[英]How to fill last non-null value for each user in pandas?
I have a df with user journeys that show purchase amounts of products.我有一个 df,其中包含显示产品购买量的用户旅程。 Now, I want to fill the last non-null value for each user, since users do not buy every day.
现在,我想为每个用户填写最后一个非空值,因为用户不会每天都购买。 currently, I have:
目前,我有:
date | user_id | purchase_value
2020-01-01 | 1 | null
2020-01-02 | 1 | 1
2020-01-03 | 1 | null
2020-01-04 | 1 | 4
2020-01-01 | 2 | 55
2020-01-02 | 2 | null
I want it to look like this:我希望它看起来像这样:
date | user_id | purchase_value
2020-01-01 | 1 | null
2020-01-02 | 1 | 1
2020-01-03 | 1 | 1
2020-01-04 | 1 | 4
2020-01-01 | 2 | 55
2020-01-02 | 2 | 55
Explanation: For user 1, we fill 1 on 2020-01-03 since this was the last non-null value on 2020-01-02.说明:对于用户 1,我们在 2020 年 1 月 3 日填写 1,因为这是 2020 年 1 月 2 日的最后一个非空值。 For user 2, we fill in 55 on 2020-01-02 since this was the last non-null value on 2020-01-01.
对于用户 2,我们在 2020 年 1 月 2 日填写 55,因为这是 2020 年 1 月 1 日的最后一个非空值。

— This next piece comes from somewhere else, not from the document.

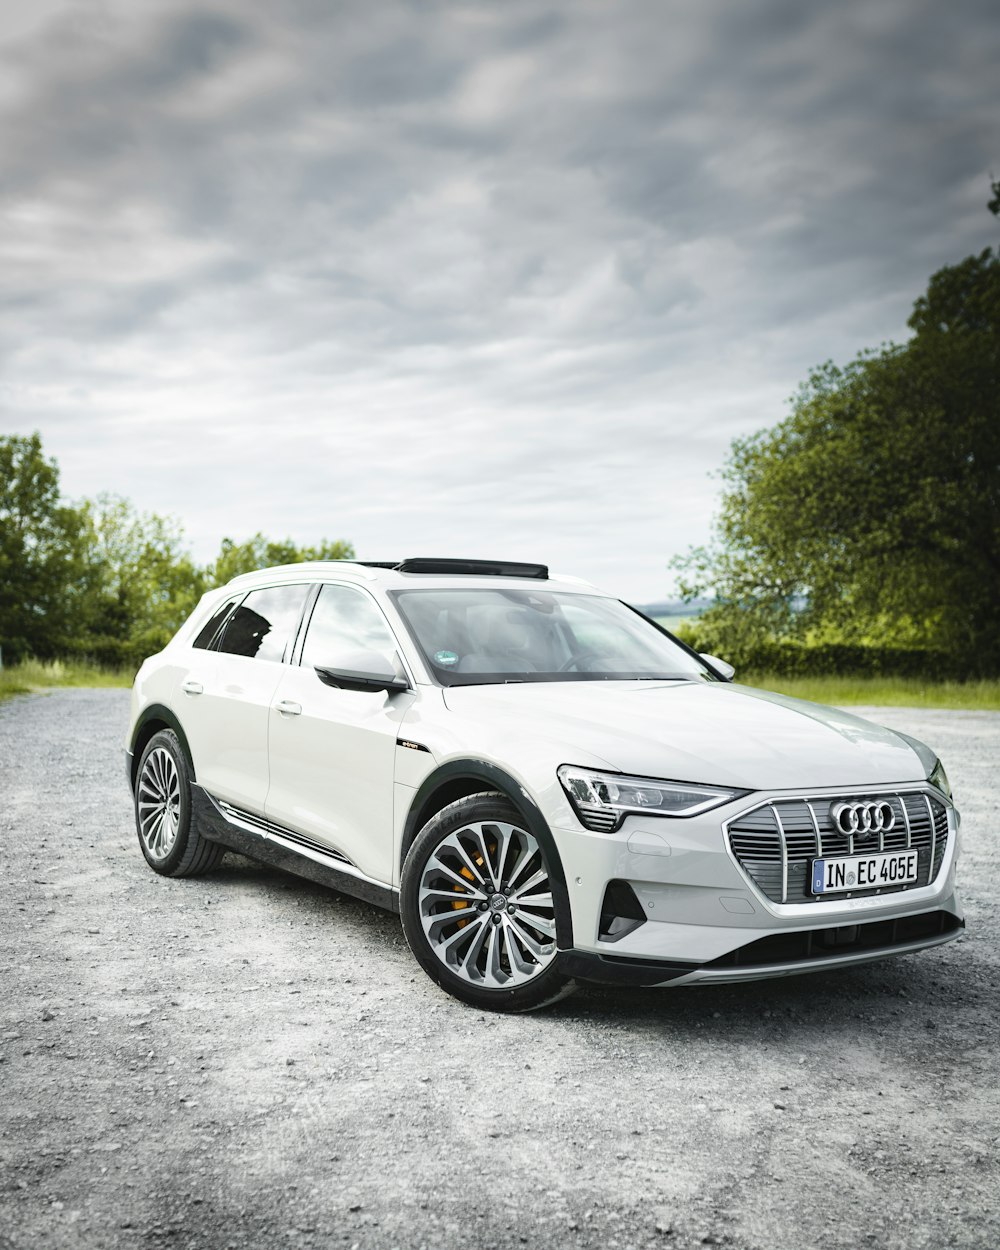 Audi sedán blanco en carretera de cemento

How would I do this in pandas for each user_id and date?对于每个 user_id 和日期,我将如何在 pandas 中执行此操作? Also, the dates do not have to be sequential.
此外,日期不必是连续的。 ie there can be gaps in the dates, in that case always fill in the last non-null value (whenever that was).
即日期中可能存在空白,在这种情况下,请始终填写最后一个非空值(无论何时)。
If you really want to ffill
only the last NaN per group you need to identify it, then replace with its ffill
:如果您真的只想
ffill
每个组的最后一个NaN 您需要识别它,然后用它的ffill
替换:
# is the value NaN?
m1 = df['purchase_value'].isna()
# is this the last NaN of the group?
# here: is this the first NaN of the group in reverse?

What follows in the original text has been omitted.